►

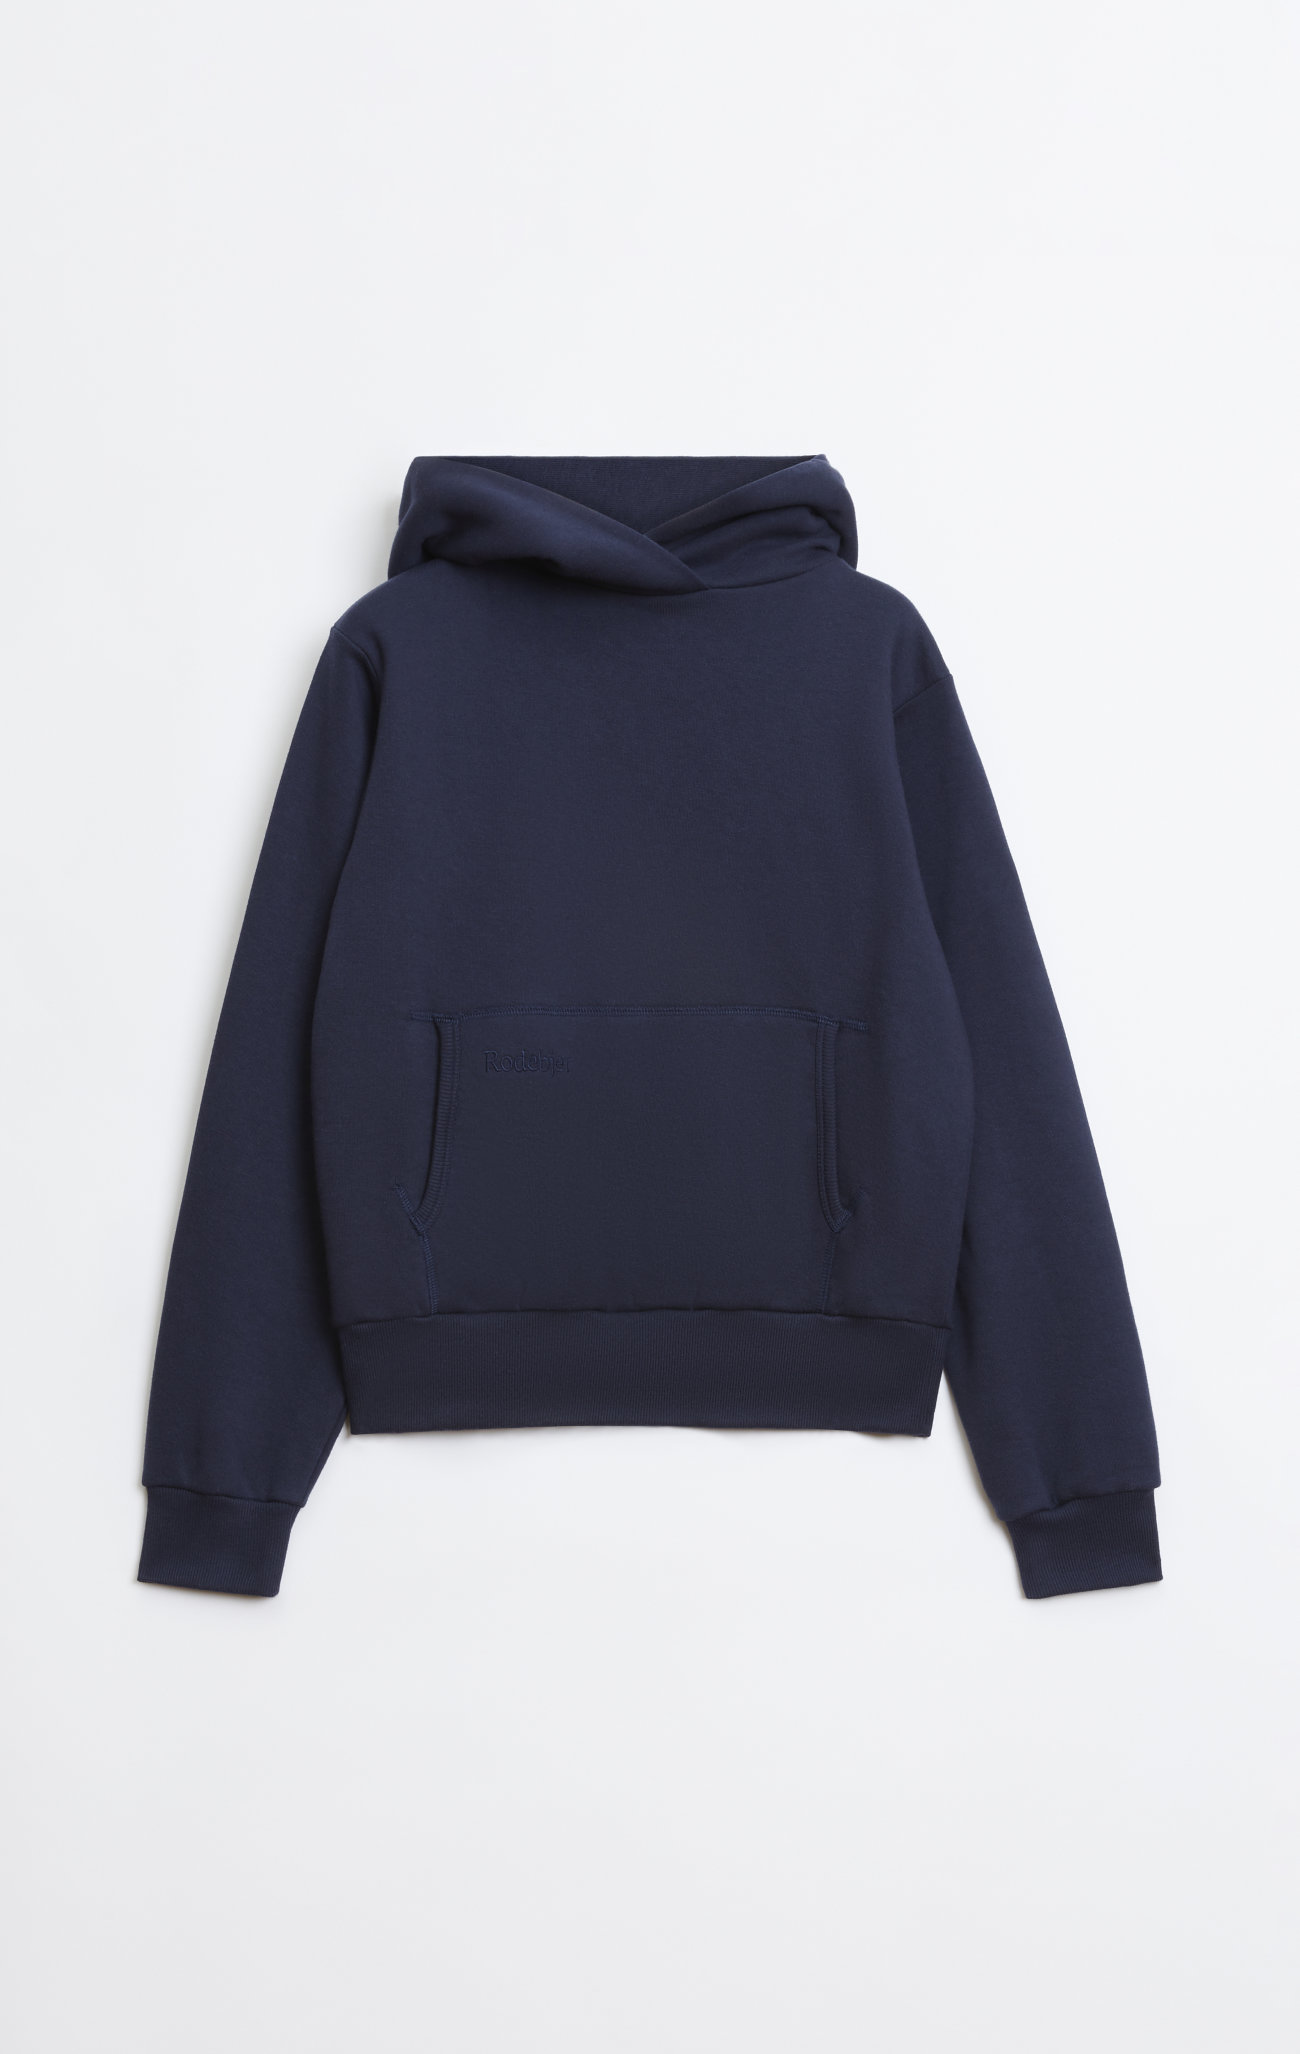 Rodebjer Hoodie Marquessa - Navy | Rodebjer
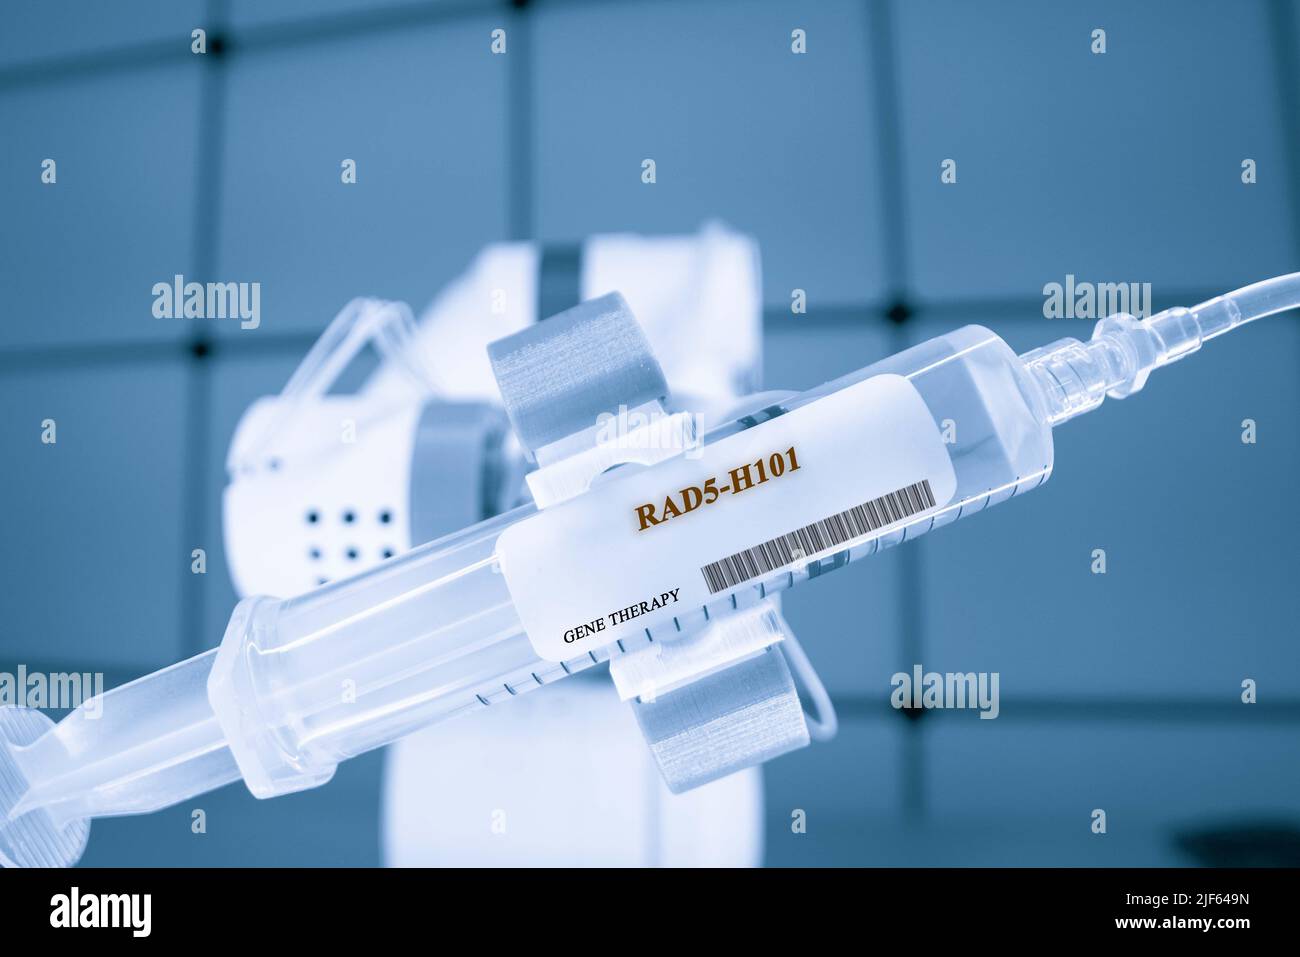 rAd5-H101 Personalized gene therapy. Syringe and injection of stem cells in robot arm Stock Photo
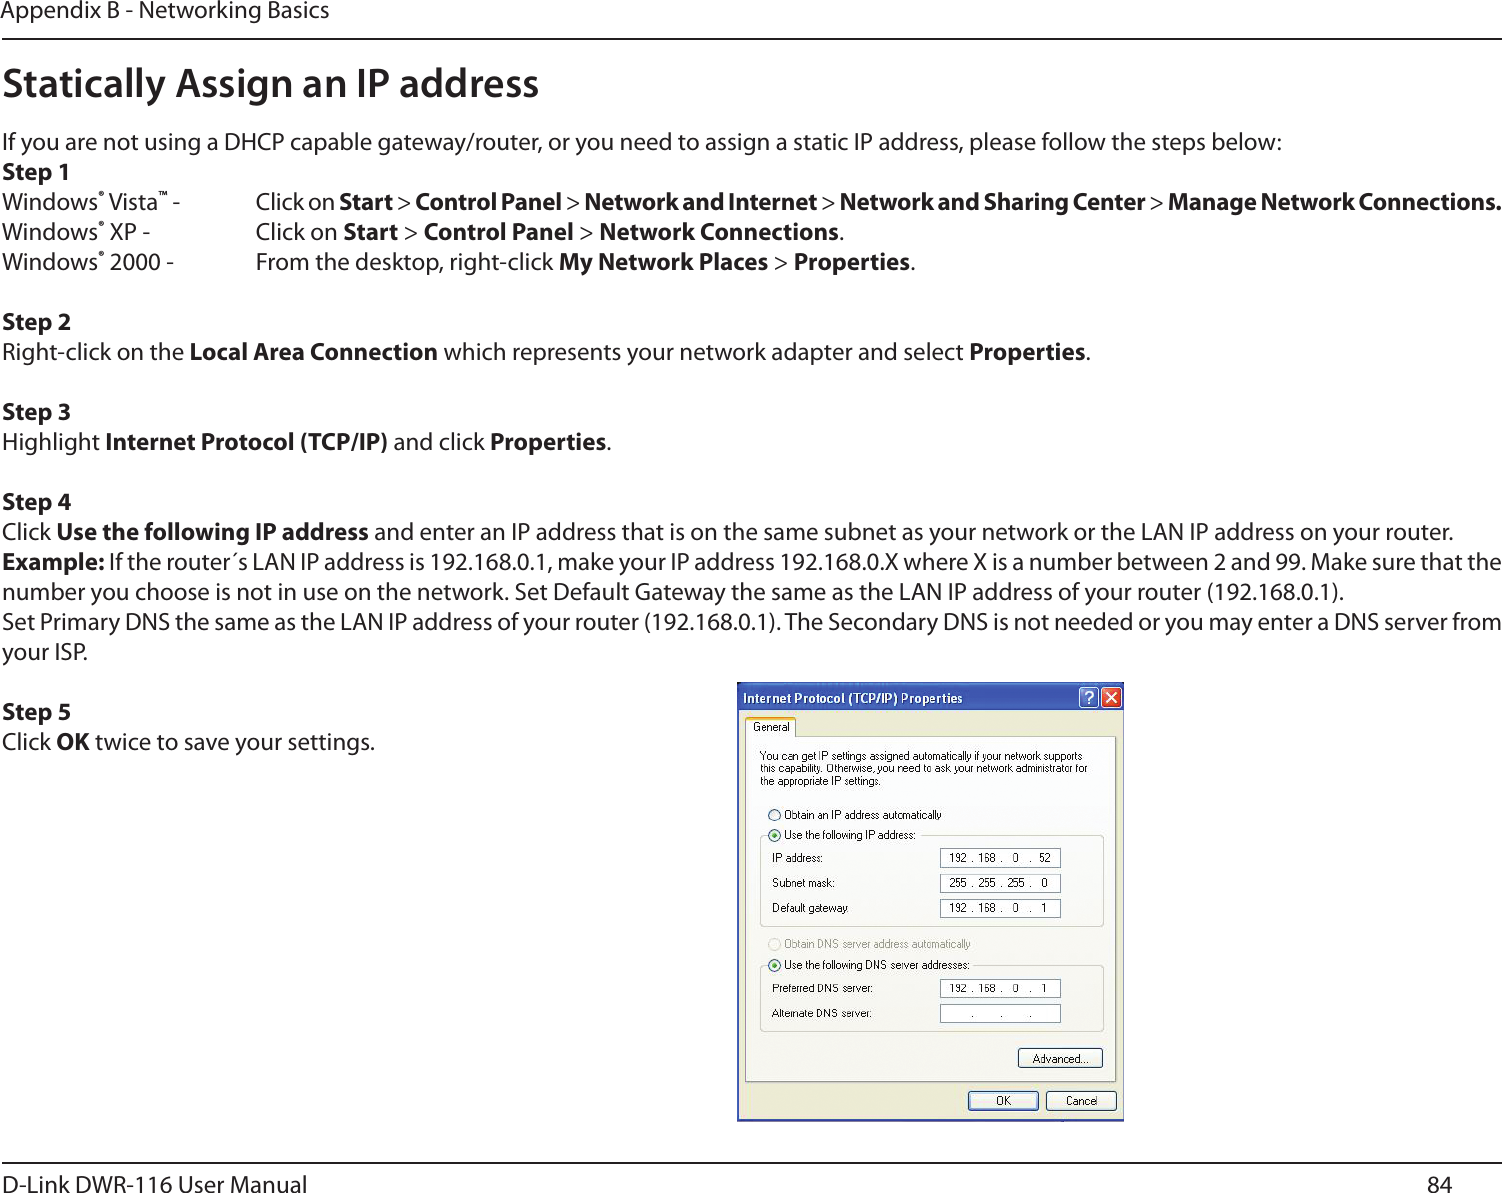 84D-Link DWR-116 User ManualAppendix B - Networking BasicsStatically Assign an IP addressIf you are not using a DHCP capable gateway/router, or you need to assign a static IP address, please follow the steps below:Step 1Windows® Vista™ -  Click on Start &gt; Control Panel &gt; Network and Internet &gt; Network and Sharing Center &gt; Manage Network Connections.Windows® XP -  Click on Start &gt; Control Panel &gt; Network Connections.Windows® 2000 -  From the desktop, right-click My Network Places &gt; Properties.Step 2Right-click on the Local Area Connection which represents your network adapter and select Properties.Step 3Highlight Internet Protocol (TCP/IP) and click Properties.Step 4Click Use the following IP address and enter an IP address that is on the same subnet as your network or the LAN IP address on your router. Example: If the router´s LAN IP address is 192.168.0.1, make your IP address 192.168.0.X where X is a number between 2 and 99. Make sure that the number you choose is not in use on the network. Set Default Gateway the same as the LAN IP address of your router (192.168.0.1). Set Primary DNS the same as the LAN IP address of your router (192.168.0.1). The Secondary DNS is not needed or you may enter a DNS server from your ISP.Step 5Click OK twice to save your settings.

◄

## WHAT YOU SHOULD DO
Copy nothing but the lines from the first one in the listing through the line with "rAd5-H101 Personalized gene", and omit the pictures.

## COMPLETED EXERCISE
 Rodebjer Hoodie Marquessa - Navy | Rodebjer
 rAd5-H101 Personalized gene therapy. Syringe and injection of stem cells in robot arm Stock Photo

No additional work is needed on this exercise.